We are very fortune to have for our first speaker Dr. Joel Carpenter, who has not only spent many hours sitting on the chairs in the Archives Reading Room, but is a longtime friend and colleague. I remember the day back in 1983 when I and others on the staff not only helped him move into his new home in Wheaton, but knocked down his new mailbox for him, a old Wheaton tradition we started that day. He came to Wheaton as a professor of history and first director of the Institute for the Study of American Evangelicals. And since the ISAE began as a department of the Billy Graham Center, he was our co-worker here at the BGC. He left the Center in 1989 to director the Religious Programs at Pew Charitable Trusts and then in 1996 began a decade of service as Provost of Calvin College. He is now director of Calvin’s Nagel Institute for the Study of World Christianity. Among his books and articles are two which drew on the BGC Archives, Revive Us Again: The Reawakening of American Fundamentalism and the book he will be talking about tonight, Earthen Vessels: American Evangelicals and Foreign Missions, 1880-1980.

Dr Carpenter’s talk is entitled, “Finding Our Ancestors in the Archives / Wheaton, Moody and the China Connection.”

After the talk and discussion, there will be a reception right outside this room, sponsored by the Institute for the Study for American Evangelicals.
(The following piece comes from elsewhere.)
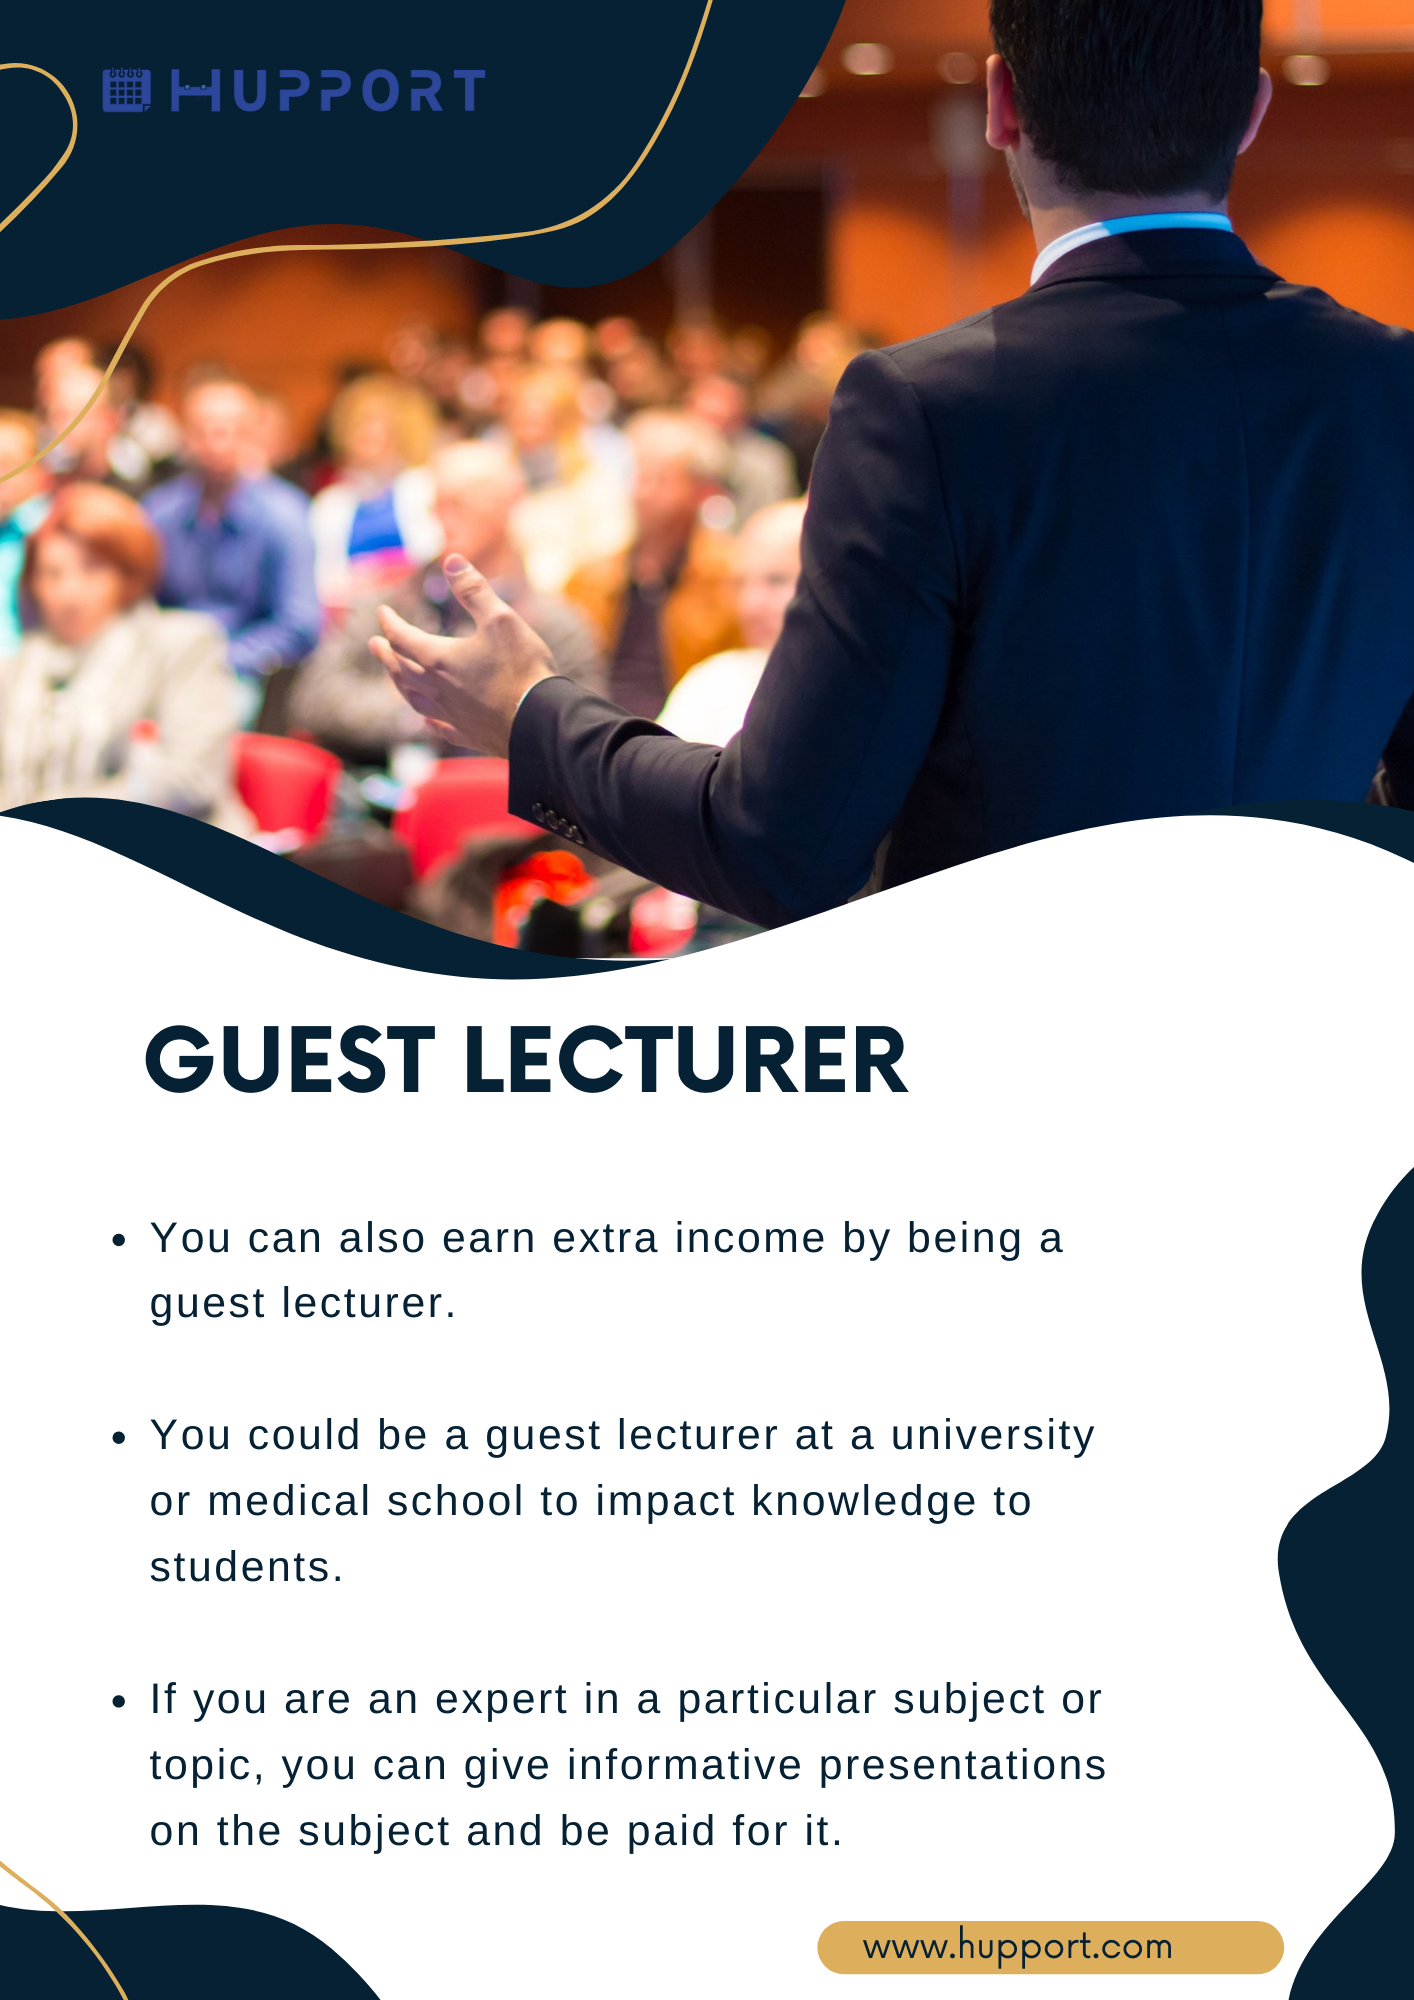 Guest lecturer

Joel - welcome back to the Billy Graham Center!

Dr. Joel Carpenter: What a delight it is to be asked to talk with you this evening, here at one of my favorite places, one of the world's great treasure troves for the study of evangelical Christianity in modern times. As you heard, I had the privilege of working here as the director of the Institute for the Study of American Evangelicals (ISAE). It was a delight to work alongside Bob, Paul and the expert staff of the BGC Archives; the inimitable Jim Stambaugh, founding director of the BGC Museum, and Ferne Weimer, intrepid director of the BGC Library. It was for me an intellectual feast, and I consumed historic sources to my heart's content. If you know something about my book on American fundamentalism, Revive Us Again, or the Garland Press reprint series on fundamentalism that preceded it, this was the mother lode that I mined in order to publish them. So when Bob invited me to talk about using the archives and what that experience meant to me, I jumped at the chance. I owe this place and these people, big.

I have spent a variety of intensive episodes working the collections here, but I have time to talk about only one. It was my favorite research experience of all time, the one that afforded the most profound and intimate contact with the actors in the stories I write. So let me tell you about doing the archival research for the one chapter I authored in the book that I co-edited with Wilbert Shenk. The book is Earthen Vessels: American Evangelicals and Foreign Missions, 1880-1980 (Eerdmans, 1990), and the chapter is "Propagating the Faith Once Delivered: The Fundamentalist Missionary Enterprise, 1920-1945." This book contains essays by historians of missions who, for the most part, first presented these chapters as papers at a conference held here at Wheaton in 1986 and sponsored by the ISAE.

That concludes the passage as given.